Following treatment with 5 µM sildenafil for 24 h, the morphology of HemECs changed, indicated by the destruction of intercellular junctions and increasing particles in the cytoplasm observed under light microscopy (Fig. 3C). Results of the FITC-PI labeled flow cytometric analysis demonstrated a higher apoptosis rate of 10.5% compared with 2.53% in the control group (Fig. 3D).

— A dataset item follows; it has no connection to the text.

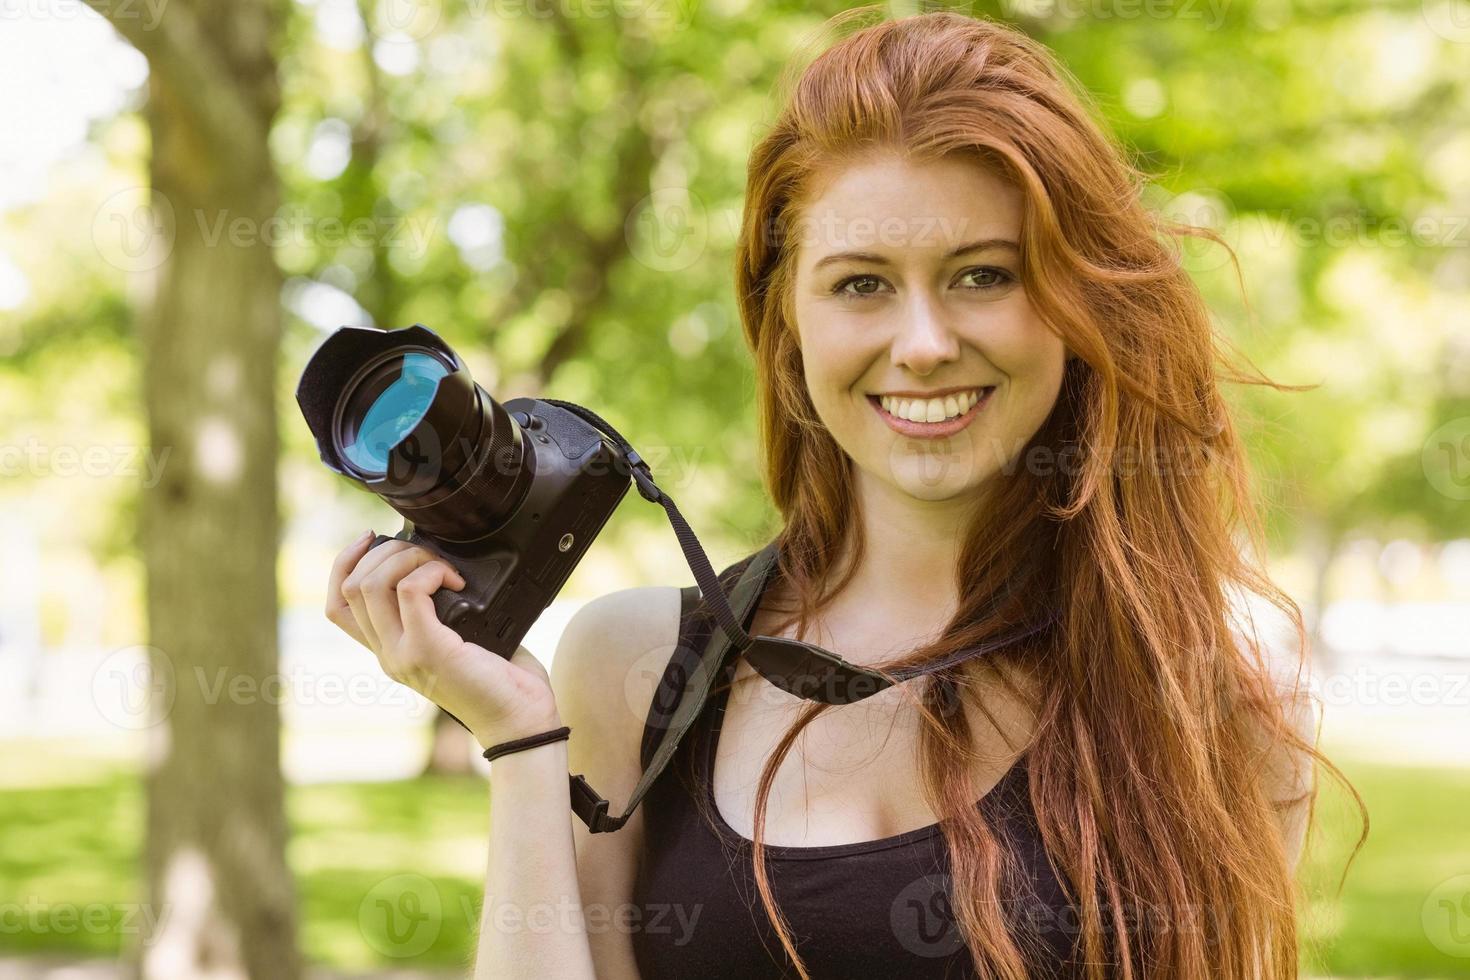 lindo fotógrafo feminino no parque foto
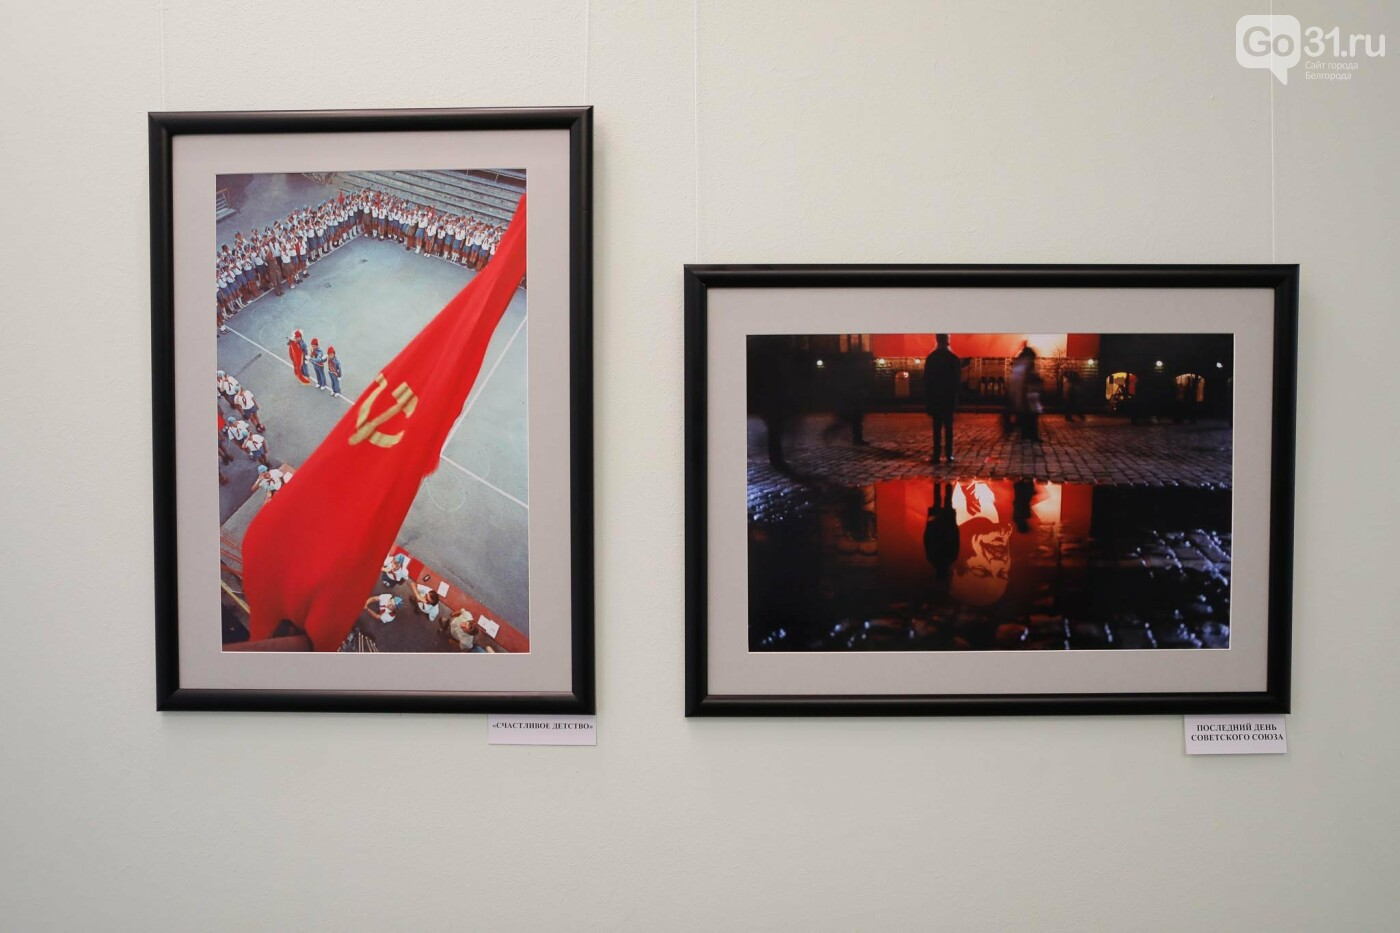 Фотограф Игорь Гаврилов: Когда кто-то видит узаконенную ложь, он начинает в неё верить, фото-3

Following treatment with 5 µM sildenafil for 24 h, the relative mRNA expression levels of Id-1 in the HemECs markedly decreased by 44.2%, according to the 2^−ΔΔCq method (t=9.749; df=4; P=0.0006; Fig. 4A). Additionally, the protein expression levels of Id-1 markedly decreased following treatment with sildenafil, according to the grey scale of obtained immunoblotting bands (Fig. 4B). These results suggest that, the Id-1 gene was downregulated at the mRNA and protein expression levels following treatment with 5 µM sildenafil. Therefore, it was suggested that sildenafil may inhibit the proliferation of HemECs by downregulating the gene expression of Id-1 in HemECs.